Taking a look at histograms, we can notice the huge difference in the distribution of variables. The distribution of human sex ratio is close to Gaussian distribution, whereas the distribution of African descent is bimodal. We can see a major peak with less than 13.7% population and a minor peak with more than 82%. There is a huge temptation to conclude that most of municipalities are roughly the same in terms of race distribution. However the minor peak in distribution suggests that we need to recheck our conclusions.

Human sex rate (right image) and population of African descent (left image) in Oaxaca municipalities, Mexico

Figure 2.3: Human sex rate (right image) and population of African descent (left image) in Oaxaca municipalities, Mexico

Creating thematic map is a side view that we need here. The combination of municipalities’ position and variable value in a single image instantly shows us a compact region with high percentage of population of African descent.

Population of African descent(left image) and human sex rate (right image) in Oaxaca municipalities, Mexico

Figure 2.4: Population of African descent(left image) and human sex rate (right image) in Oaxaca municipalities, Mexico

The beauty of GeoDa is its capabilities for joint analysis of different types of visualization. Now we can make sure that minor peak in histogram corresponds to located region by selecting histogram bins. GeoDa will automatically highlight municipalities that share values with selected bins.

Population of African descent in selected municipalities

Figure 2.5: Population of African descent in selected municipalities

In order to numerically evaluate the particularities of spatial distribution we can apply spatial statistics techniques to our spatial data. By analyzing maps we can visually distinguish types of distributions of different variables. We have already noticed that municipalities with high proportion of population of African descent form compact regions. This is an illustration of Tobler’s law – municipalities that share similar values are close to each other. However, the distribution of human sex rate doesn’t appear to form such pattern. Human sex ratio looks independent from spatial relationships of municipalities. Geostatistical way to evaluate spatial dependencies is spatial autocorrelation analysis. We will discuss this concept further in lessons 5 and 6. For now it is important to notice how Moran’s index and spatial correlogram — the method of spatial autocorrelation estimation — correspond to thematic maps. We can see significantly higher value of Moran’s index (0.7 vs 0.3) for percentage of population of African descent.

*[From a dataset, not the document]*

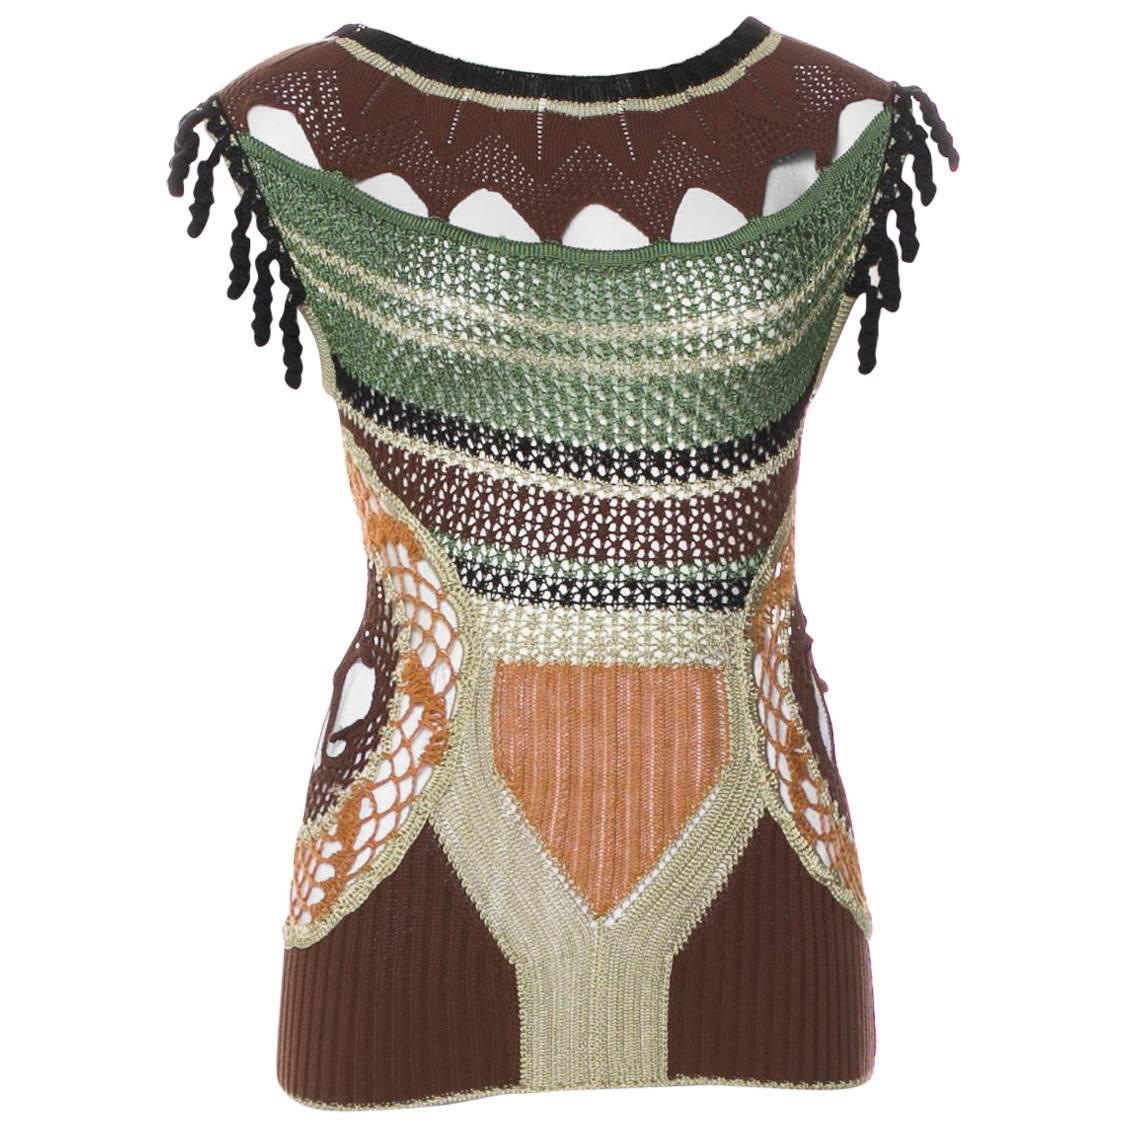 Jean Paul Gaultier Macrame Top with Tassels and JPG Dreamcatcher For Sale
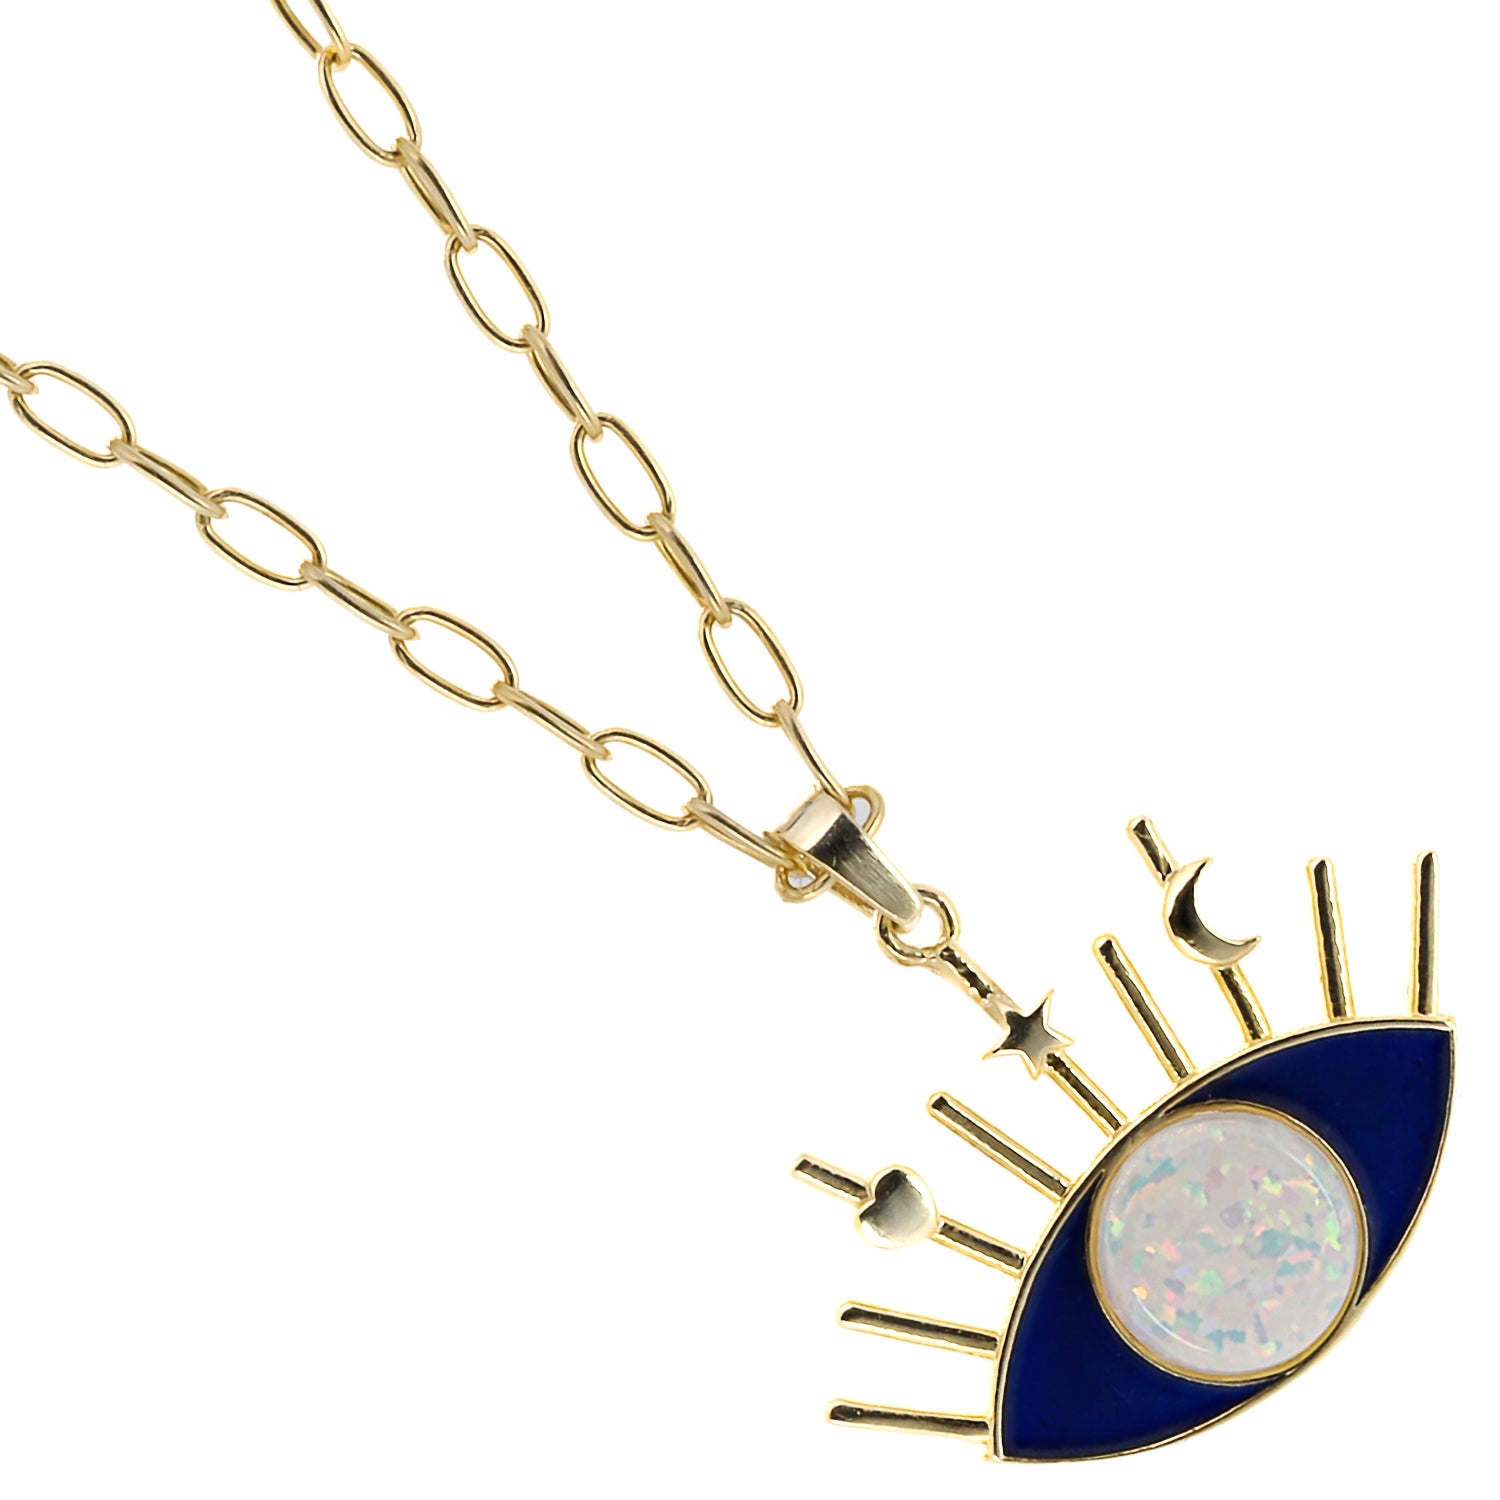 The striking contrast between the blue enamel and white opal on the Evil Eye pendant.

Moran index of population of African descent (left image) and human sex rate (right image)

Figure 2.6: Moran index of population of African descent (left image) and human sex rate (right image)

2.3 Conclusion

In this lesson, we learned about the essence of spatial data analysis. We made a way from setting an initial hypothesis about the nature of the distribution of indicators to testing this hypothesis with the help of spatial analysis methods. This is the logic of our short course.

In the next two lessons, you will be introduced to exploratory data analysis techniques using plots creation and mapping in GeoDa. Then you will learn about clustering — techniques to separate regions based on formal attributes. The last two lessons are devoted to geostatistics and spatial autocorrelation analysis.

Thus, our course will allow you to learn how to use GeoDa to look from the outside at your usual ways of analyzing data.